Trecho de reportagem publicada na Galileu a respeito do assunto explica que “de acordo com o estudo, isso acontece porque quanto mais inteligente, maior é seu nível de consciência sobre o que acontece ao seu redor. Assim, [as pessoas mais inteligentes] reagem mais sobre o que acontece no ambiente em que vivem, desencadeando em hiperatividade do sistema nervoso central. É a comprovação científica de que a ignorância é uma benção”.
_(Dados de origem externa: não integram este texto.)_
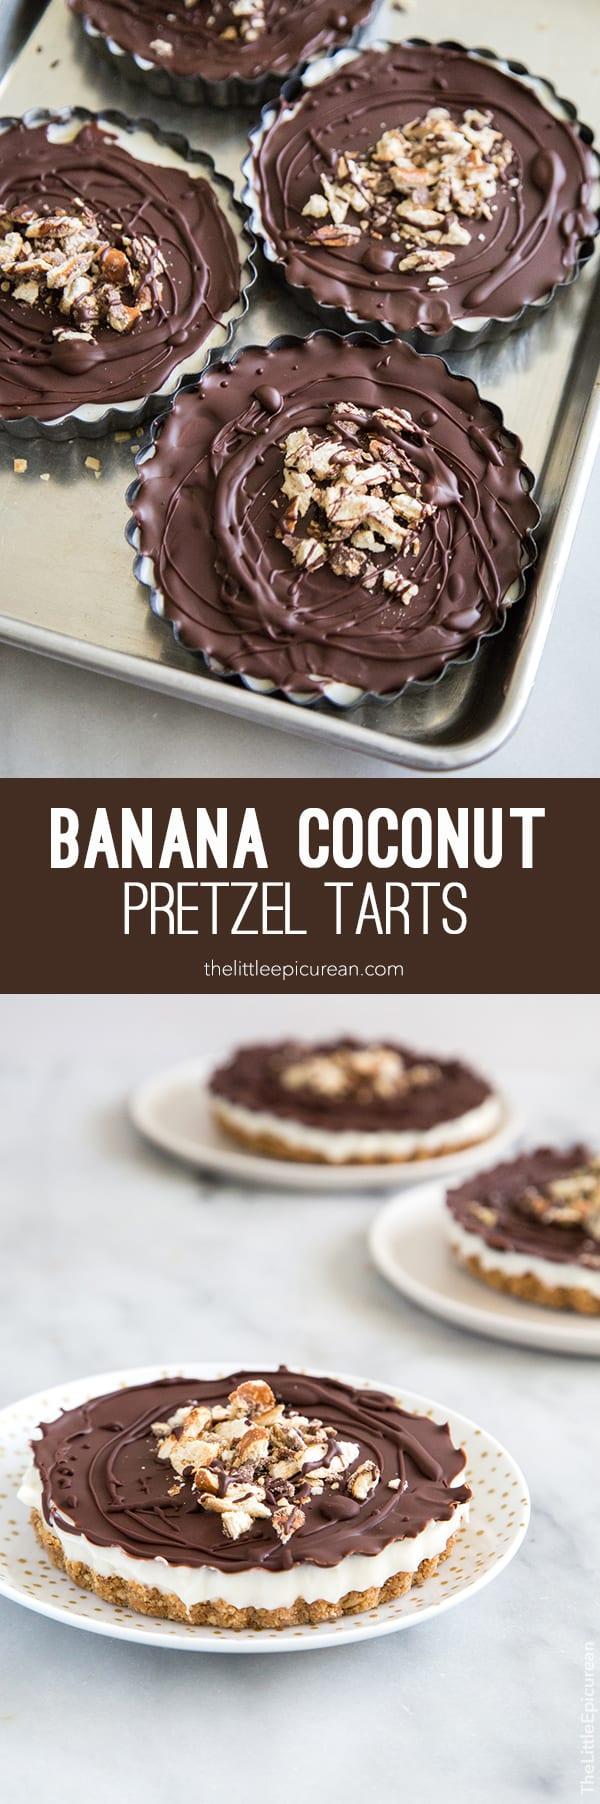 No Bake Banana Coconut Pretzel Tarts

É claro que não quero reforçar aquele estereótipo de pessoa inteligente e triste à la Nietzsche. As pessoas de QI elevado também se divertem, ficam bêbados e jogam conversa fora. Mas é evidente que a visão de mundo é modificada à medida em que se obtém conhecimento. As preocupações se tornam maiores, a consciência coletiva e a empatia se fortalecem e muitas atividades passam a ser vistas como fuga de pensamentos e sentimentos.

A ignorância, portanto, se apresenta como um dos meios mais eficazes para alcançar a felicidade. Simplifica as relações humanas e coloca o ignorante no centro de um universo do qual, na verdade, ele é apenas um grão de areia.

Essa felicidade proporcionada pela ignorância basicamente funciona como um anestésico. Deixa as pessoas acomodadas e passivas, mesmo que o mundo desmorone à sua frente.

É mais fácil, mais cômodo, mais feliz...só não sei se melhor, do ponto de vista da humanidade.

O que Homer vem nos mostrar é que diante do conhecimento, restam duas opções: fechar os olhos e alegar ignorância ou enfrentar um mundo hostil, desigual e injusto.